Out of these questions, only the last is truly a bad question (we know the rules governing computers anyway, that doesn't mean we can figure out their arbitrary-time behaviour), the other ones are quite good.

Standard responses to these questions take the form "Godel's theorems are very specific statements about some formal systems, it's not useful to overgeneralize them beyond this", etc. This is the MTC-CYA ("minimal, technically correct, covers-your-ass") answer, and I think it's quite narrow and does a disservice to just how basic computation is in our world.

I also don't think it is useful to get straight into specifics about models and theories, logics and languages, etc. because Godel's incompleteness theorem is a lot more general. If you say "Peano arithmetic is incomplete because there are non-standard models", but then second-order arithmetic doesn't have non-standard models, and sure there's another reason why that's incomplete, but somehow we still know that it has no non-standard models so are we beyond computers? (no, we just believe in things that don't believe in themselves) Then you have people saying "Oh, Godel's incompleteness isn't that bizarre -- it's like how group theory has many models!" AND WHY WOULD YOU EVEN MENTION NON-STANDARD MODELS -- OR ANY KIND OF MODELS -- IN THE FIRST PLACE? These are special ways in which incompleteness manifests, but incompleteness is a lot more general than that.


Table of contents:

  1. Godel's first theorem: Imagine a rebellious computer. Panic.

  2. Godel's second theorem: why does the first theorem sound wrong?

  3. The Entscheidungsproblem; Turing degrees

  4. First-order arithmetic; arithmetical hierarchy

  5. Tarski: truth, interpretation and language

  6. Exercise: Lob's theorem

  7. Exercise: Related paradoxes

  8. Further reading


Godel's first theorem: Imagine a rebellious computer. Panic.
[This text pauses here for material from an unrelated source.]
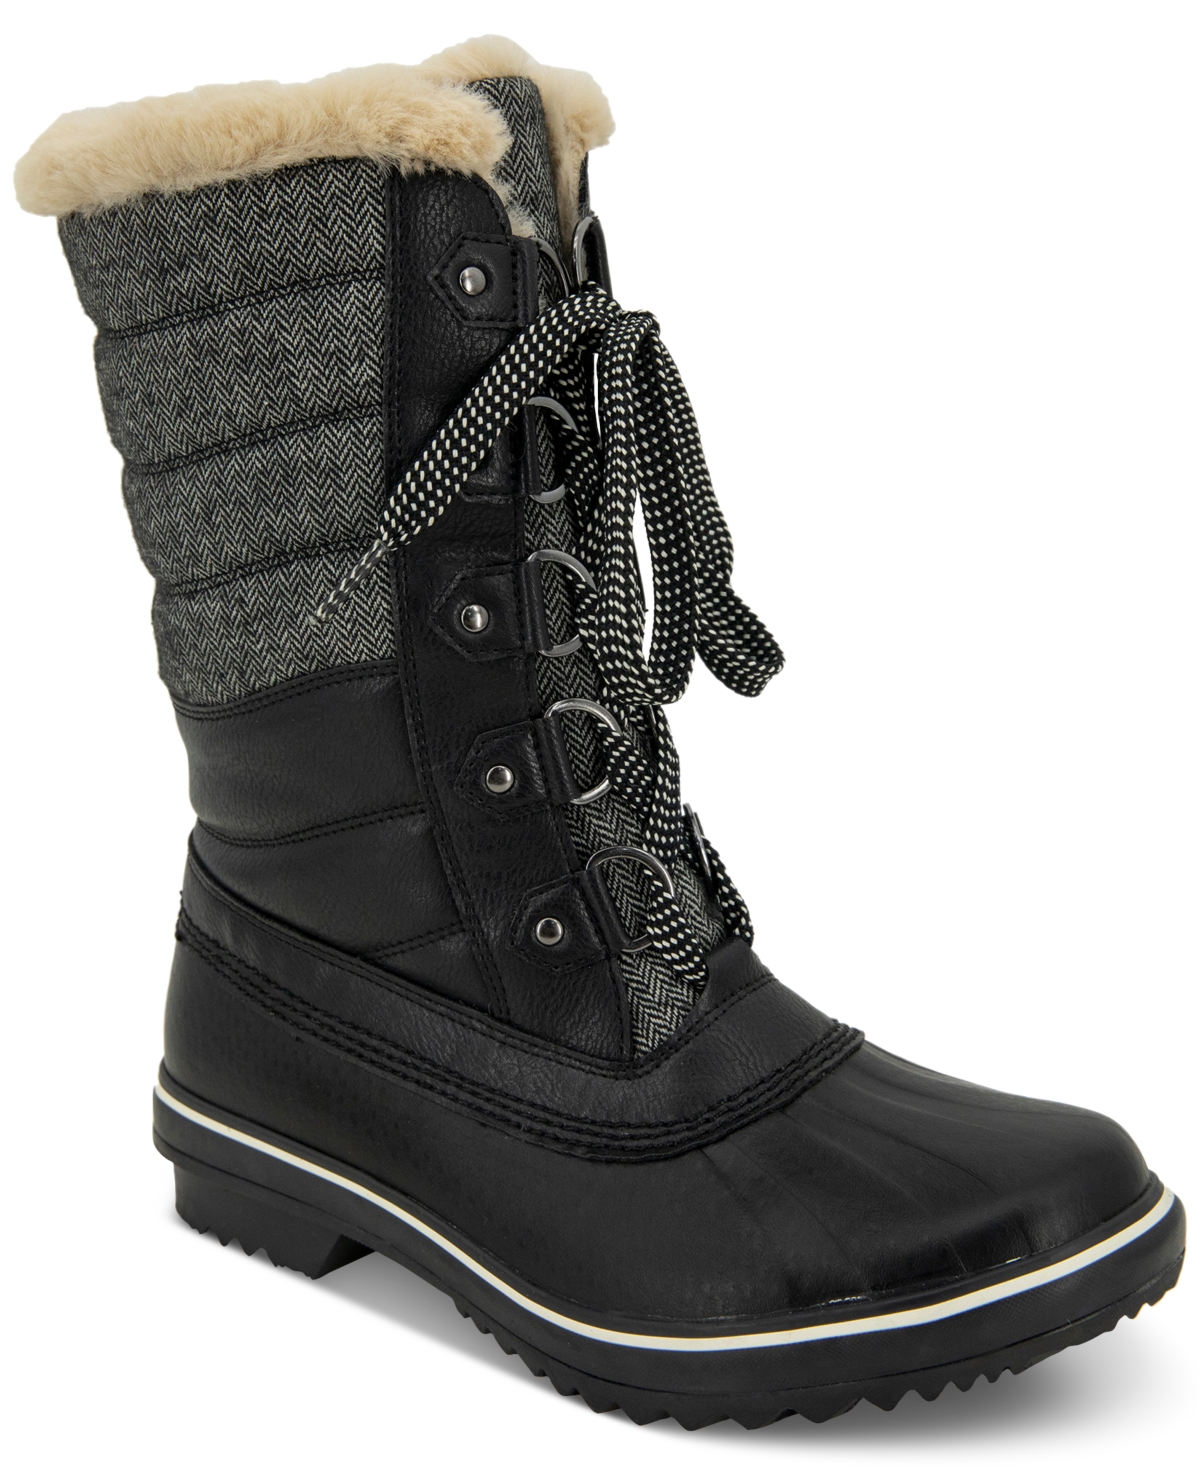 Women's Siberia Waterproof Lace-Up Quilted Cold-Weather Boots - Brown

The right way to understand Godel's incompleteness theorem is to entertain all those philosophical questions about how it applies to the human mind -- and regard it as a statement far more generally about an agent with beliefs. We can reproduce the Halting argument directly for a human mind:

Alice cannot predict the actions of Bob, where Bob is a computer (resp. person) programmed (resp. committed) to act as follows: I will read Alice's mind, and do something other than what she predicts I will do.
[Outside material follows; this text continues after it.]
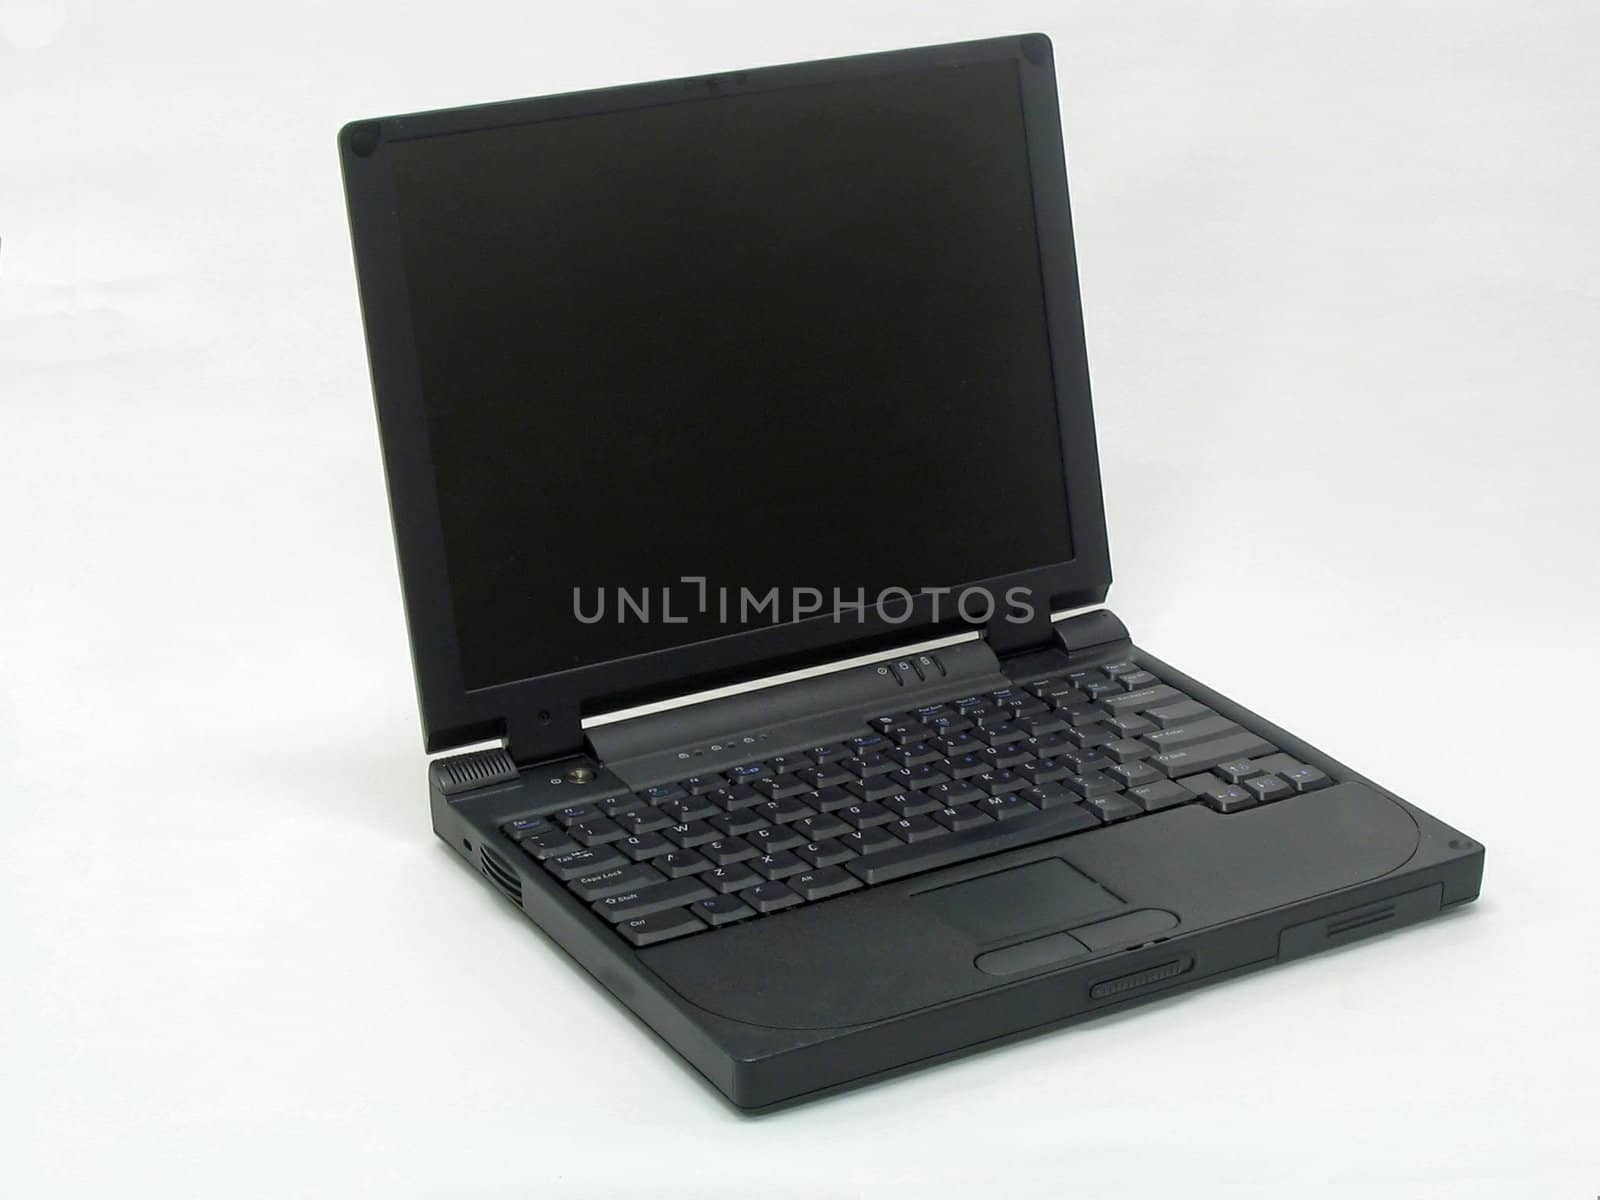 This is a picture of a black laptop personal computer isolated on a white background.

In particular, Bob can be identical to Alice, so Alice cannot predict her own behaviour.

This applies regardless of what system Alice uses to form her beliefs.

Alice might adopt an axiomatic framework, say ZFC, which is capable of expressing Bob's mind and believe all the theorems of that axiomatic framework (i.e. Alice is an Oracle for ZFC), and Bob can still trick her. (This is the classic Godel's incompleteness theorem.)

Alice might have some pre-defined algorithm to decide Bob's behaviour, and believe whatever this algorithm outputs, and Bob can still trick her. (This is the Halting problem.)

So this general Godel's theorem really does tell you that "you can't know everything". If your "beliefs" work by assigning "True" or "False" to every statement, this means either (1) there are statements that you don't know are true or false, i.e. incompleteness (2) there are statements that you're wrong in your beliefs about, i.e. unsoundness.

All that is required is that (1) you are capable of conceptualizing statements about computers (2) computers are able to read your mind -- in the case of formal systems, this means your theorems are computably enumerable. In the case of a formal system, the only statements you necessarily cannot know are the ones about long-term behaviour, because the way that a computer reads your mind is by enumerating your theorems for an indefinite amount of time -- for real minds which can just be scanned in a flash, incompleteness is even worse.


Godel's second theorem: why does the first theorem sound wrong?

Even with Godel's incompleteness theorem written down explicitly for a human being, it is still tempting to think you are beyond it.

I mean, sure, suppose Bob has two choices: to "hum" or to "not hum" at any given moment, and he decides to adopt his usual demeanor of tricking Alice: he will keep choosing "hum", but if Alice ever becomes certain that he will always choose "hum", he will choose "not hum" in that very moment.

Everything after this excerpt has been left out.